* [Supplied material]:
● ● ● ● ● ● ●
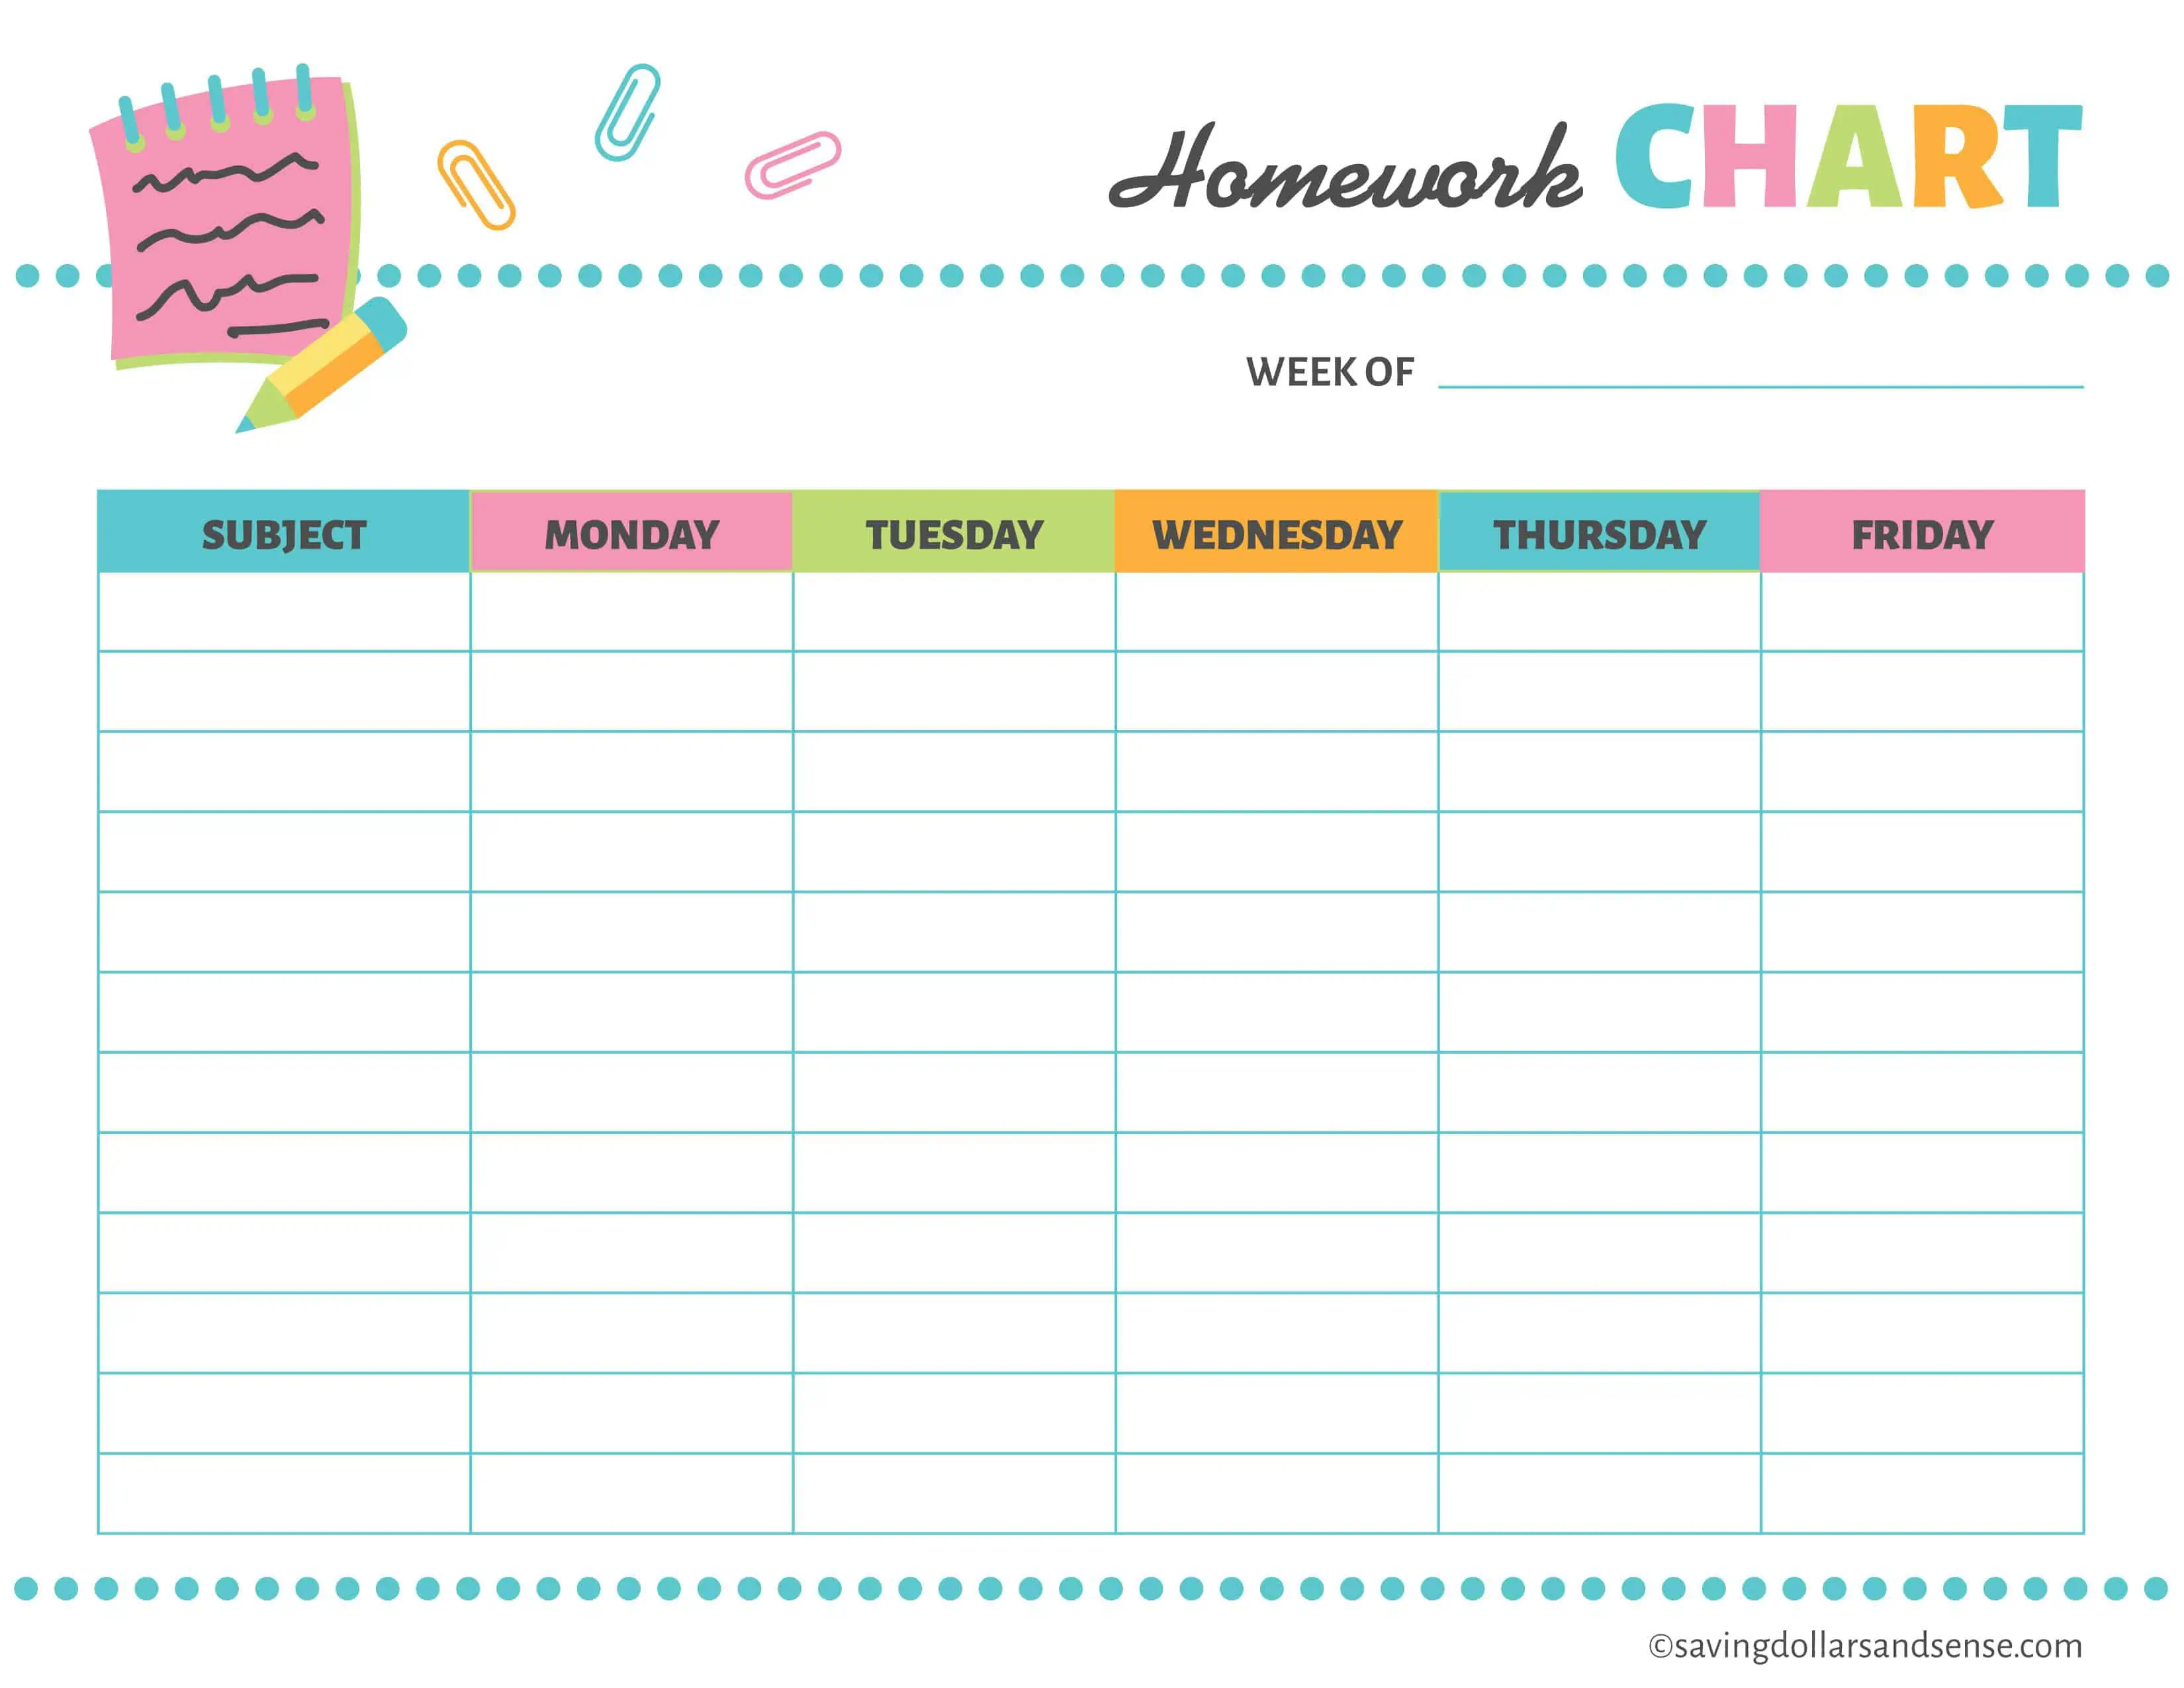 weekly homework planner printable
● ● ● ● ● ● ●
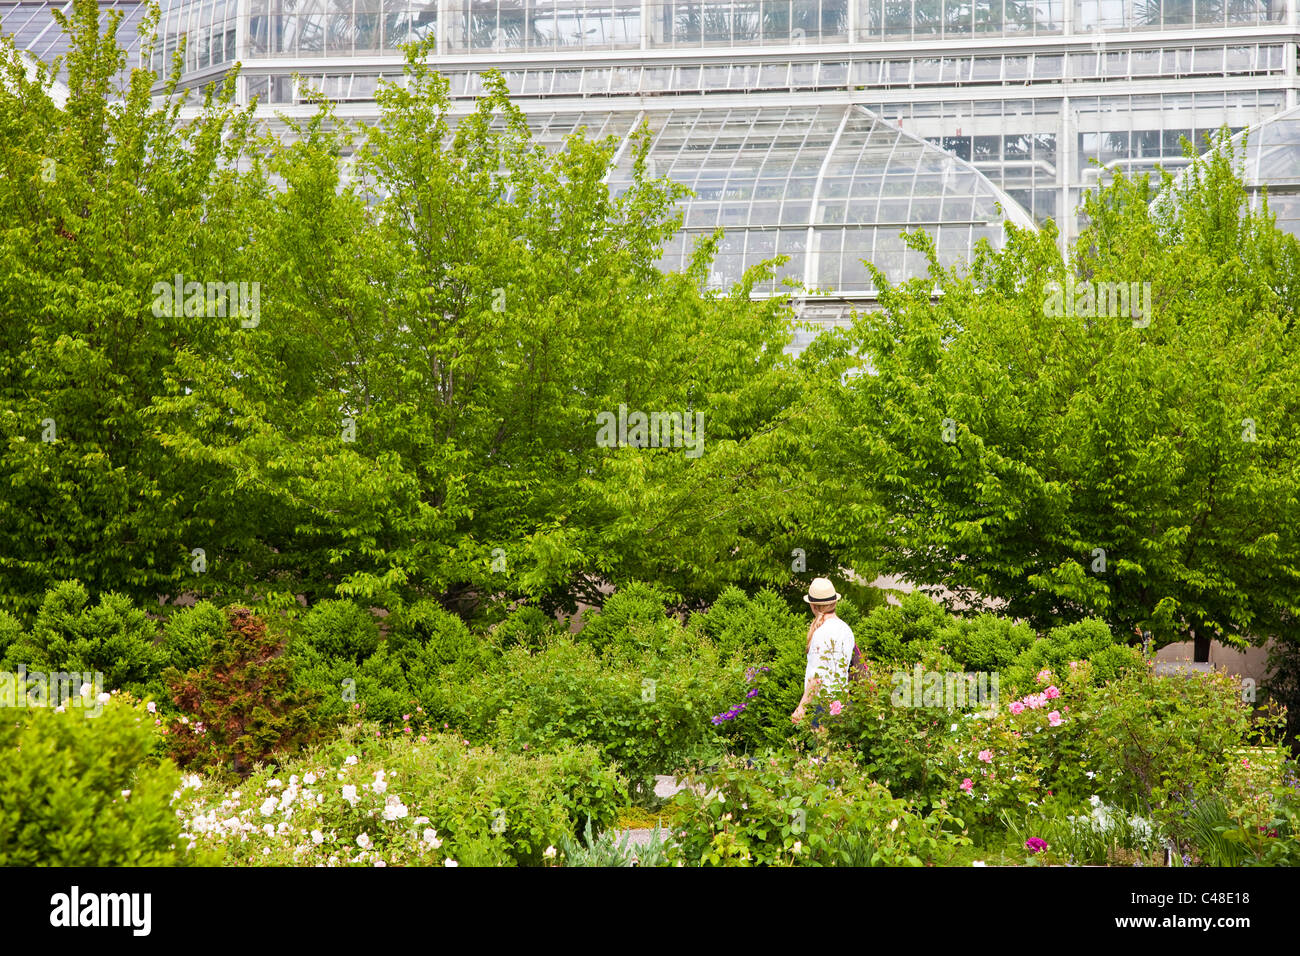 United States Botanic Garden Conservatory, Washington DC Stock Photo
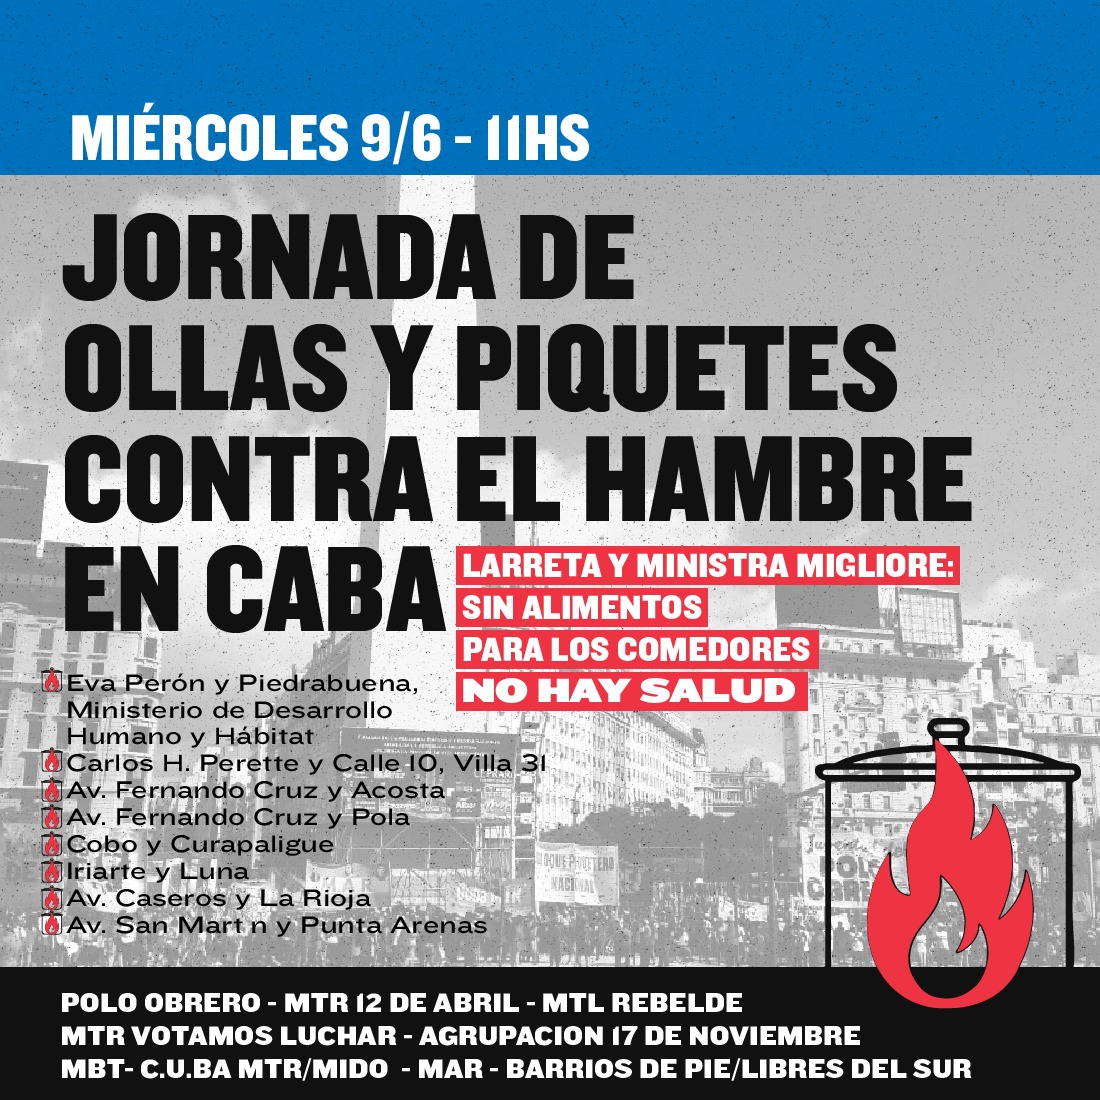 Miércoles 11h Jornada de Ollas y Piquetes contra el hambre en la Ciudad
● ● ● ● ● ● ●
* [The task]: Skipping the pictures, print the lines in the listing above exactly as written, starting at the line with "United States Botanic" and ending at the line with "Miércoles 11h Jornada", both included.

* [Exercise output]:
 United States Botanic Garden Conservatory, Washington DC Stock Photo
 Miércoles 11h Jornada de Ollas y Piquetes contra el hambre en la Ciudad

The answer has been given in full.